But here are the 5 publications that I can’t stop talking about, right now.
New York Times Magazine
The NYT Magazine redesigned in early 2015. Jake Silverstein had just taken over as the editor, Gail Bichler was promoted to creative director and Matt Willey moved across the Atlantic to become their art director. The publication was 119 years old and already considered well-designed, but the team was making it their own and investing in making it even better.
The redesign was brilliant. They managed to create something that was fresh and surprising but genuinely felt familiar. That’s no small feat. Three years in and this magazine design dream team is still capturing my attention, every single week. We’re talking custom type executions (often a collaboration between Matt Willey and Henrik Kubel of A2-Type,) special issues with a single visual idea taking over the entire issue and some of the cleverest covers I’ve seen in a long time.
No Man’s Land
When I first heard about No Man's Land, a magazine for The Wing, a women’s work and community space in New York City, my expectations were low. Typically, these brand-driven publications take a whole lot of marketing gibberish and jam it into a pretty little package. But as The Wing's branding started to roll out, designed by an all-female team led by Pentagram's Emily Oberman, I changed my tune.
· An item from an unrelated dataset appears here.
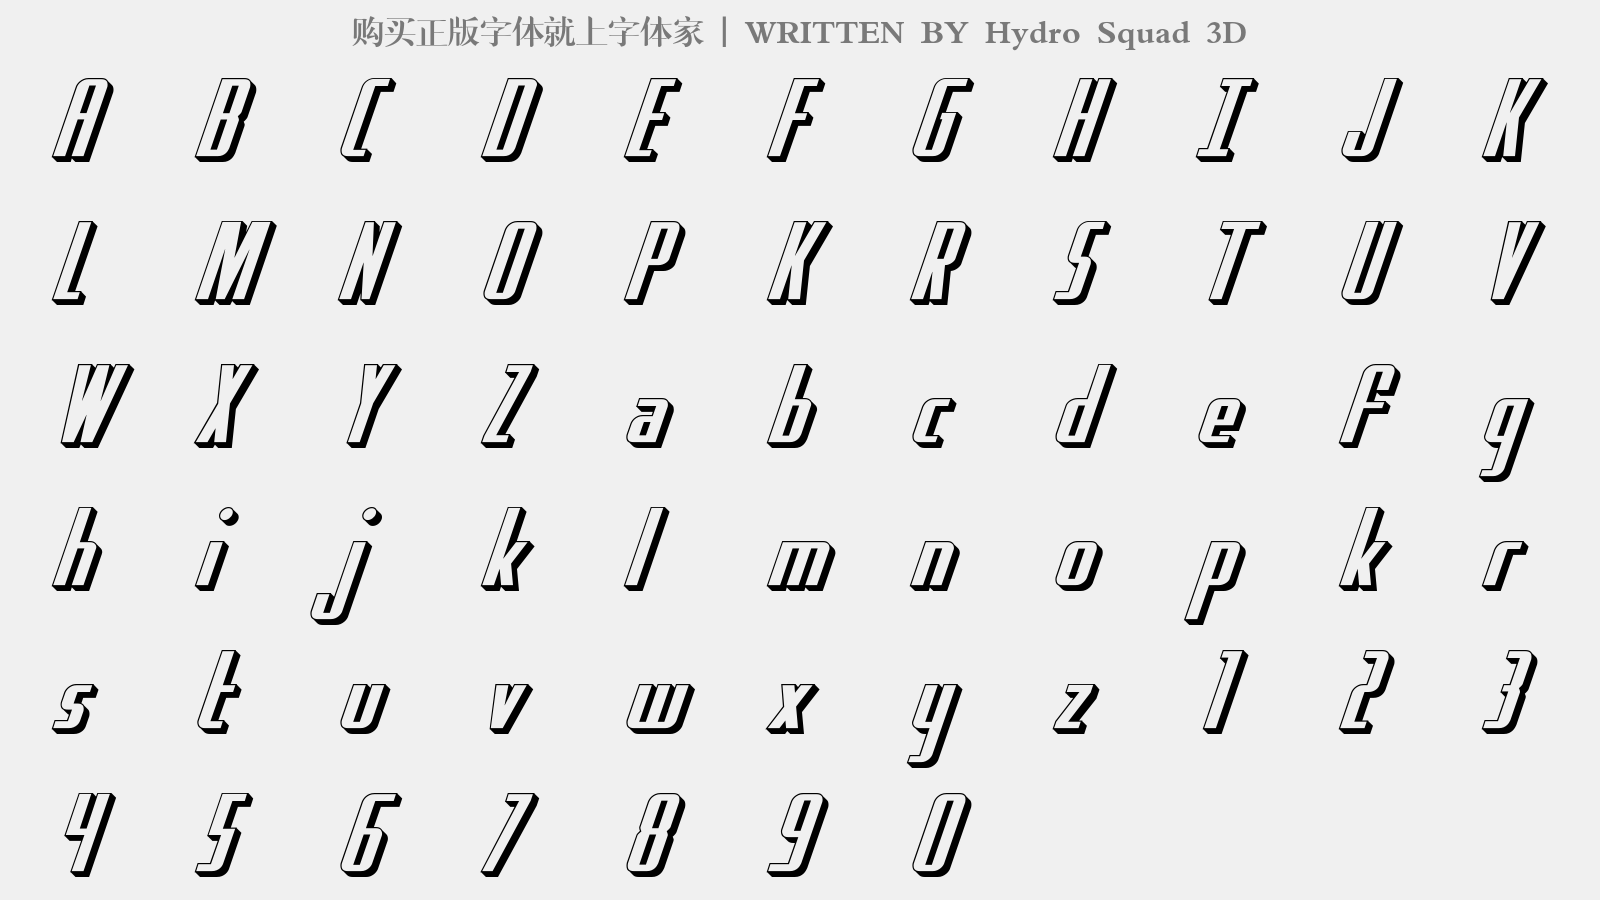 Hydro Squad 3D - 大写字母/小写字母/数字

It’s packed with stories that are incredibly interesting and well-written—a brief history of the feminist mags that came before, written by Oberman herself; a photo essay of NYC’s bra-fitting experts; interviews with Tavi Gevinson, J.D. Samson and Brie Larson to name a few; a fashion feature on power suits; a giggle-inducing centrefold featuring Maxine Waters as Miss November (turn-offs include: systematic inequality.)
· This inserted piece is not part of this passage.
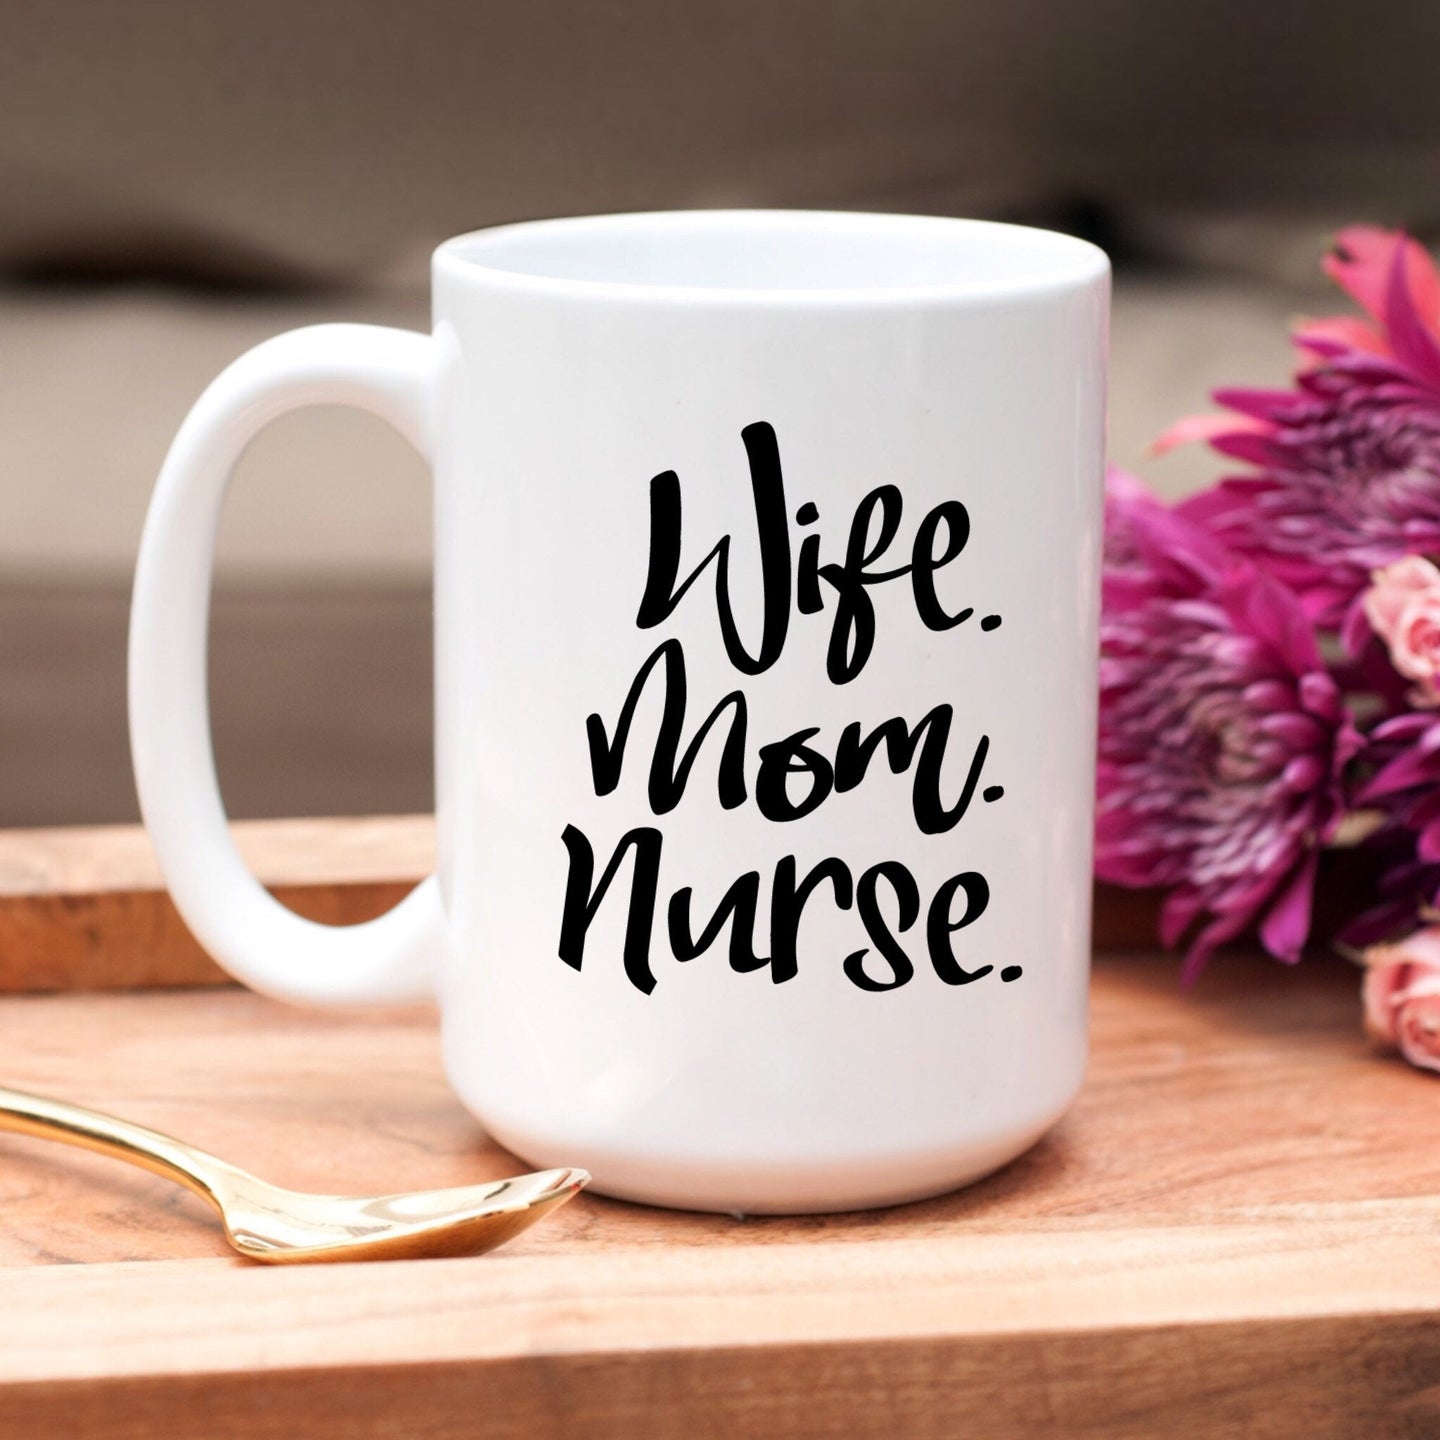 Wife. Mom. Nurse.

The design of the magazine itself is a little chaotic, but there are some great pieces in here and it's obvious that the team had a pile of fun putting it together.
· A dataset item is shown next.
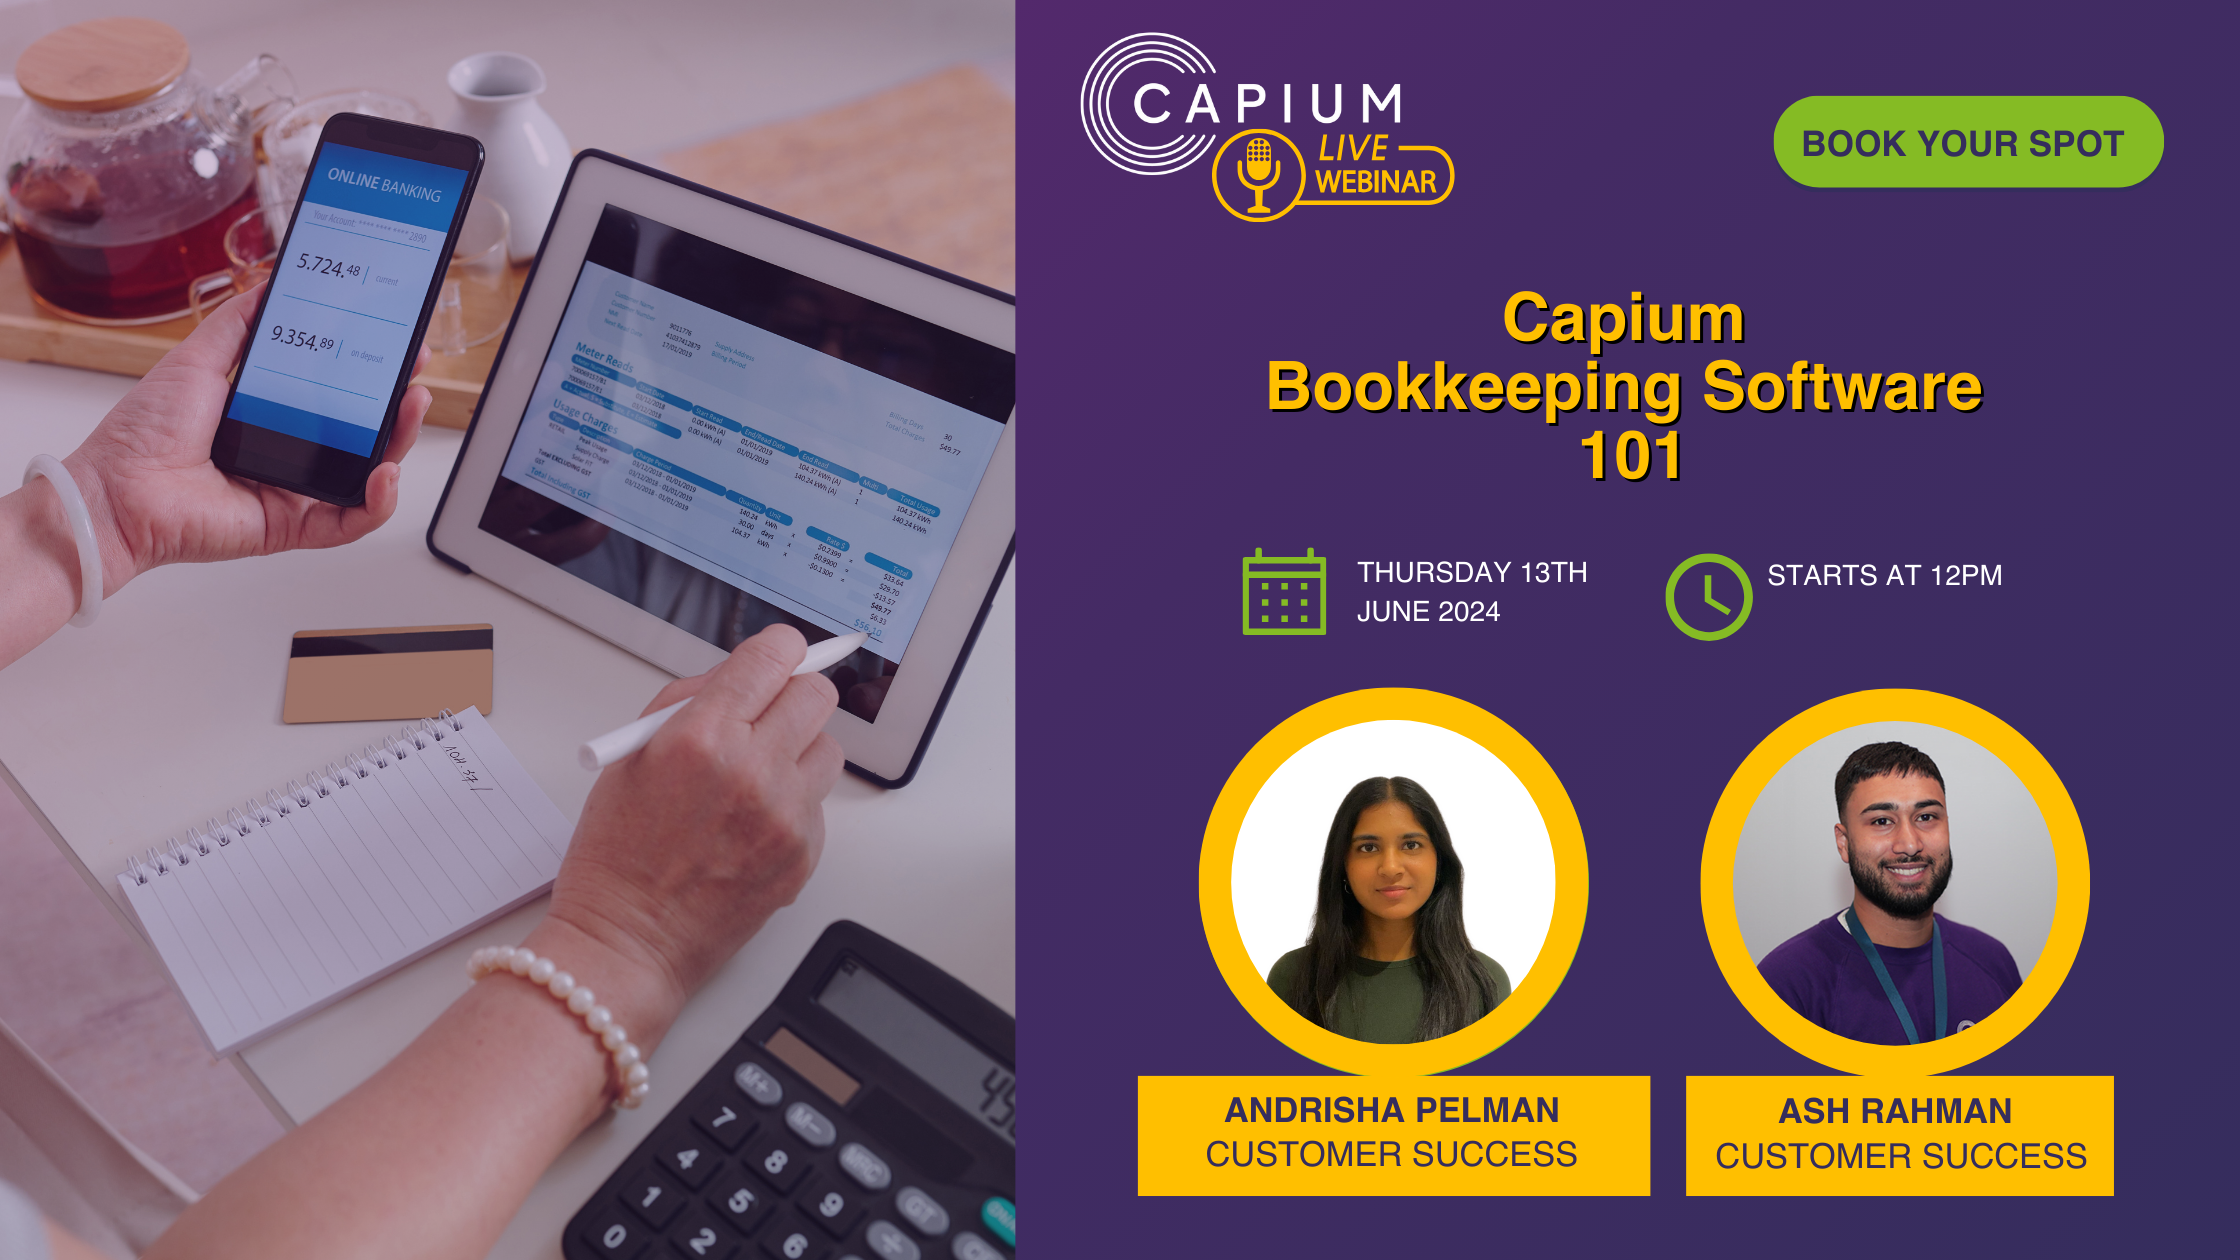 Capium Bookkeeping Software 101 logo

All signs point towards No Man's Land being a one-off, but I really hope we get a second issue!
Launched in 2011, The California Sunday Magazine is a long-form publication, distributed monthly in the Western United States. It arrives in the local Sunday newspapers as an insert (read: alongside those ugly grocery flyers). It’s a crazy smart model, giving the team a base of readers while keeping them free from the shackles of a larger host paper.
On the design side, it’s headed up by Leo Jung (fellow Torontonian!) who does such wonderful things with their big, bold, photography-led stories.
Seriously, their photo essays can take upwards of 16 pages! The design is slow and carefully considered, your eye manipulated almost entirely by white space. The place where they really get me though, are the itty-bitty details. The issue is often littered with the smallest illustrations, once hidden in the bottom left-hand corner to make a flipbook or for a recent issue devoted to the life of teenagers, they bailed on page numbers and instead time stamped every page.
Oh, and the cherry on top is a back page by visual journalist Wendy McNaughton.
Broccoli is a free magazine, by and for women who happen to like weed. It launched in November 2017 with the goal of reinventing the image of cannabis culture by celebrating the experiences of women who smoke weed through the lens of art, culture and fashion.
I experienced major #fomo waiting for my copy of Broccoli. For whatever reason, mine took a lot longer to arrive than my magazine pals across the globe. Watching them post images of the layouts all over social media made me all the more infatuated with the title. When it finally arrived, it didn't let me down. It's chockablock full of smart ways of looking at both the cannabis industry and culture. The design is clean and smart, with the occasionally distorted headline—a nod towards its subject. The piece that really caught my attention was the cover story: a photo essay of marijuana leaves presented as Ikebana, the Japanese art of flower arranging.
The team, headed by former Kinfolk Creative Director, Anja Charbonneau is already working on the next issue (yay!)
Buffalo Zine is an enigma. It's difficult to describe, arrives suddenly and unannounced (or bi-annually, now) and never looks the same. It pokes fun at almost every magazine cliche you can think of and packages it in a series of tongue-in-cheek covers (see No. 6.) They're ridiculous, in the best way possible.
I'm fairly certain I can't do it justice. You'll need to read a couple of interviews with the founders or track down a copy for yourself. (Pro tip: As of writing this, there were a couple of copies of No. 5 at Soop Soop)
Special Shoutout: Esquire Covers
Esquire's covers have had a real retro-throwback vibe lately and I'm really digging it.